Anger without true investigation of its origins is particularly insidious, it has the potential to make us bitter and hard, to create walls, we think to protect us, but ultimately they isolate us 🤔 and holding on to anger like a barrier, a shield around is, it is like taking poison and expecting someone else to be hurt by it. All we ultimately do is hurt ourselves, mentally and over time, we manifest physical ailments as we push down and suppress the emotions in our bodies - we create dis-ease.   

Tara Brach (she is amazing, highly highly recommend looking her up) talks about conflict and suggests as we feel anger coming up that we ask ourselves 'what need within me is unmet at this time that I am feeling anger?'. And, I have found this is such a powerful practice that allows me to see when I am attaching my needs and expectations to a situation and handing over the self responsibility for my own happiness to another.

She has a beautiful way of breaking this down... when we are in conflict - we are in a trance. The aperture of our mind narrows and what we are seeing is not the whole person, we are seeing through a filter of 'what they're are doing wrong in relation to our particular needs', we are forgetting who they are. In that trance, we use a different part of our brain (the primitive part) that stops us living from the wholeness of our being, from our heart space. 

The frailty of the human condition means that consciously or unconsciously, we are going to hurt people with our actions and more often than not, our reactions. A couple of weeks ago I left Sydney after 24 years of being there... I had a two year stint when my Dad was sick where I left part time but this is the first time I have committed to actually leaving and these big changes invariably bring big stuff up for us. Every unhealed part of our psyche suddenly demands attention, with urgency. Couple that with some life changing yoga training with Shiva Rea which facilitated a huge cracking open of my heart space (ahh the transformational power of yoga - but that is another post!) , walking away for a third time from a "relationship" that I can now see was a mirror of my abandonment wound and we have the perfect (shit!) storm for heavy energy - yayyy ha ha.

Yet in that heavy space, there has been opportunity... 

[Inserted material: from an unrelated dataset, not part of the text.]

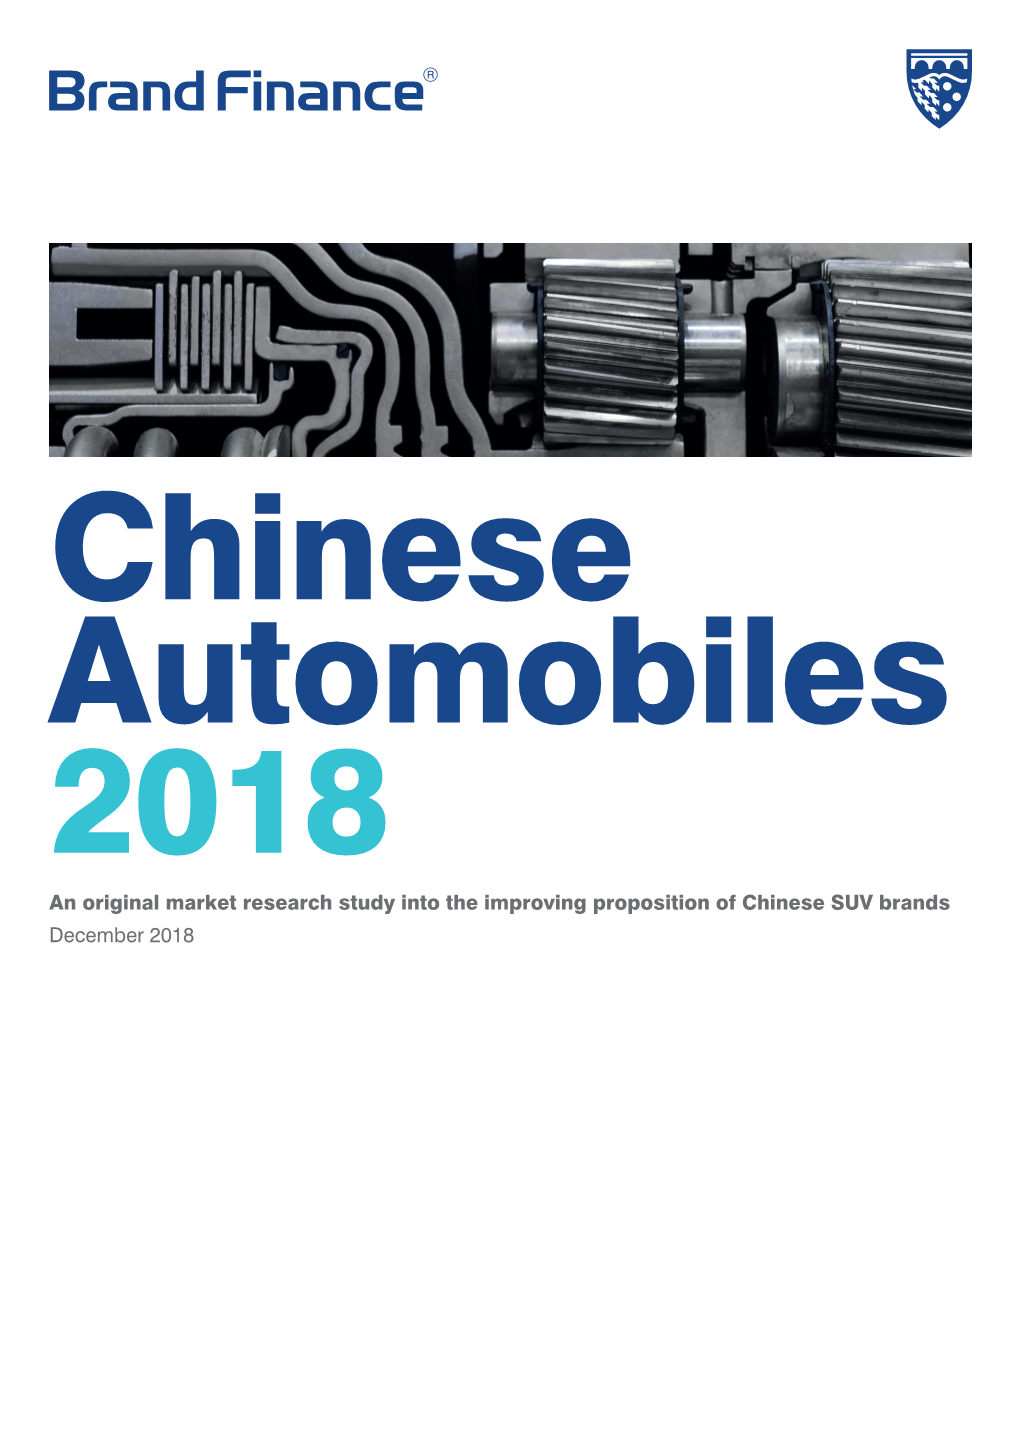 An Original Market Research Study Into the Improving Proposition of Chinese SUV Brands December 2018 Foreword

The whole process has been such a mirror and an uncovering of just how deep the wound is of losing my Dad to suicide. Of looking beneath my reactions to situations and really trying to see what the unmet need in myself is. 

I don't have all the answers to heal this, yet I know until I do, I will continue to attract the same into my life - those unable to love because they cannot love themselves. So as I sit with this, I am using a Buddhist practice and saying to myself, 'may this serve the awakening of compassion, of wisdom...' and I hope to build my capacity to respond to whatever is going on, from my intelligence and from my heart, not from my primitive brain. To find the space, the pause before reacting. I'm also using another mantra from Tara Brach... 

I am not dependent on what you do to be okay within myself. I am 100% responsible for taking care of the woundedness within myself... 

I think this point is so very important, to own our self responsibility in each situation. People will never behave the way we expect them to, so when we are setting expectations in our own minds on others behaviour, we are setting ourselves up for disappointment, for reactivity. 

So my invitation to anyone reading this, is to just let this sit in the back of your mind, become the observer of your thoughts and reactions and see what insights you can uncover about yourself. What needs in you are unmet?